## Task to complete
Word for word, the listing below should be printed again.

——————————

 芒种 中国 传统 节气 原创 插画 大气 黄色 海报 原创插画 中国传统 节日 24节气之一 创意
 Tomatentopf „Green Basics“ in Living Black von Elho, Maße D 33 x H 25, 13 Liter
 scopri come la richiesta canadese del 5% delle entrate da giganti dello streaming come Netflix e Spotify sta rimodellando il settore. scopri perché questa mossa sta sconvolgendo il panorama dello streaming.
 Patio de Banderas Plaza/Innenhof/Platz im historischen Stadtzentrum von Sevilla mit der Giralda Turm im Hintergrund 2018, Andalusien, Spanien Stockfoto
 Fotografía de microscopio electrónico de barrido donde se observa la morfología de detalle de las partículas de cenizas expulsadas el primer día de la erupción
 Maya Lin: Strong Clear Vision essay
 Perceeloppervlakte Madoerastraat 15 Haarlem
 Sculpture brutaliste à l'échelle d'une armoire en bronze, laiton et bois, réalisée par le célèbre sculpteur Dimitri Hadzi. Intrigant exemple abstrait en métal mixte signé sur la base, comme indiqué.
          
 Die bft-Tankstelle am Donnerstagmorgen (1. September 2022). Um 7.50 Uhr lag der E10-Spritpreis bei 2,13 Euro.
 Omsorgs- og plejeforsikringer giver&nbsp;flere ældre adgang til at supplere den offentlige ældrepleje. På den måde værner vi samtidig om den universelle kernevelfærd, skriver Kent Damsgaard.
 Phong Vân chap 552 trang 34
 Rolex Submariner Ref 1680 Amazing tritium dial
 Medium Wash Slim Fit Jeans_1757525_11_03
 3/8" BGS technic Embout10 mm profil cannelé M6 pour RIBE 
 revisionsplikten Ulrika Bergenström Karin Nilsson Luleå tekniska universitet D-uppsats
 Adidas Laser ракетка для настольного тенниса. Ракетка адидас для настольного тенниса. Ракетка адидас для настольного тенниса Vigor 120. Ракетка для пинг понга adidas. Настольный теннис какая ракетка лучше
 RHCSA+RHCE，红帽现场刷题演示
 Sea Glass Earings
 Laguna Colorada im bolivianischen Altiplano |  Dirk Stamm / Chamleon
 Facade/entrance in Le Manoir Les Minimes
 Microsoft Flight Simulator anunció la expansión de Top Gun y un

——————————

## Final answer
 芒种 中国 传统 节气 原创 插画 大气 黄色 海报 原创插画 中国传统 节日 24节气之一 创意
 Tomatentopf „Green Basics“ in Living Black von Elho, Maße D 33 x H 25, 13 Liter
 scopri come la richiesta canadese del 5% delle entrate da giganti dello streaming come Netflix e Spotify sta rimodellando il settore. scopri perché questa mossa sta sconvolgendo il panorama dello streaming.
 Patio de Banderas Plaza/Innenhof/Platz im historischen Stadtzentrum von Sevilla mit der Giralda Turm im Hintergrund 2018, Andalusien, Spanien Stockfoto
 Fotografía de microscopio electrónico de barrido donde se observa la morfología de detalle de las partículas de cenizas expulsadas el primer día de la erupción
 Maya Lin: Strong Clear Vision essay
 Perceeloppervlakte Madoerastraat 15 Haarlem
 Sculpture brutaliste à l'échelle d'une armoire en bronze, laiton et bois, réalisée par le célèbre sculpteur Dimitri Hadzi. Intrigant exemple abstrait en métal mixte signé sur la base, comme indiqué.
          
 Die bft-Tankstelle am Donnerstagmorgen (1. September 2022). Um 7.50 Uhr lag der E10-Spritpreis bei 2,13 Euro.
 Omsorgs- og plejeforsikringer giver&nbsp;flere ældre adgang til at supplere den offentlige ældrepleje. På den måde værner vi samtidig om den universelle kernevelfærd, skriver Kent Damsgaard.
 Phong Vân chap 552 trang 34
 Rolex Submariner Ref 1680 Amazing tritium dial
 Medium Wash Slim Fit Jeans_1757525_11_03
 3/8" BGS technic Embout10 mm profil cannelé M6 pour RIBE 
 revisionsplikten Ulrika Bergenström Karin Nilsson Luleå tekniska universitet D-uppsats
 Adidas Laser ракетка для настольного тенниса. Ракетка адидас для настольного тенниса. Ракетка адидас для настольного тенниса Vigor 120. Ракетка для пинг понга adidas. Настольный теннис какая ракетка лучше
 RHCSA+RHCE，红帽现场刷题演示
 Sea Glass Earings
 Laguna Colorada im bolivianischen Altiplano |  Dirk Stamm / Chamleon
 Facade/entrance in Le Manoir Les Minimes
 Microsoft Flight Simulator anunció la expansión de Top Gun y un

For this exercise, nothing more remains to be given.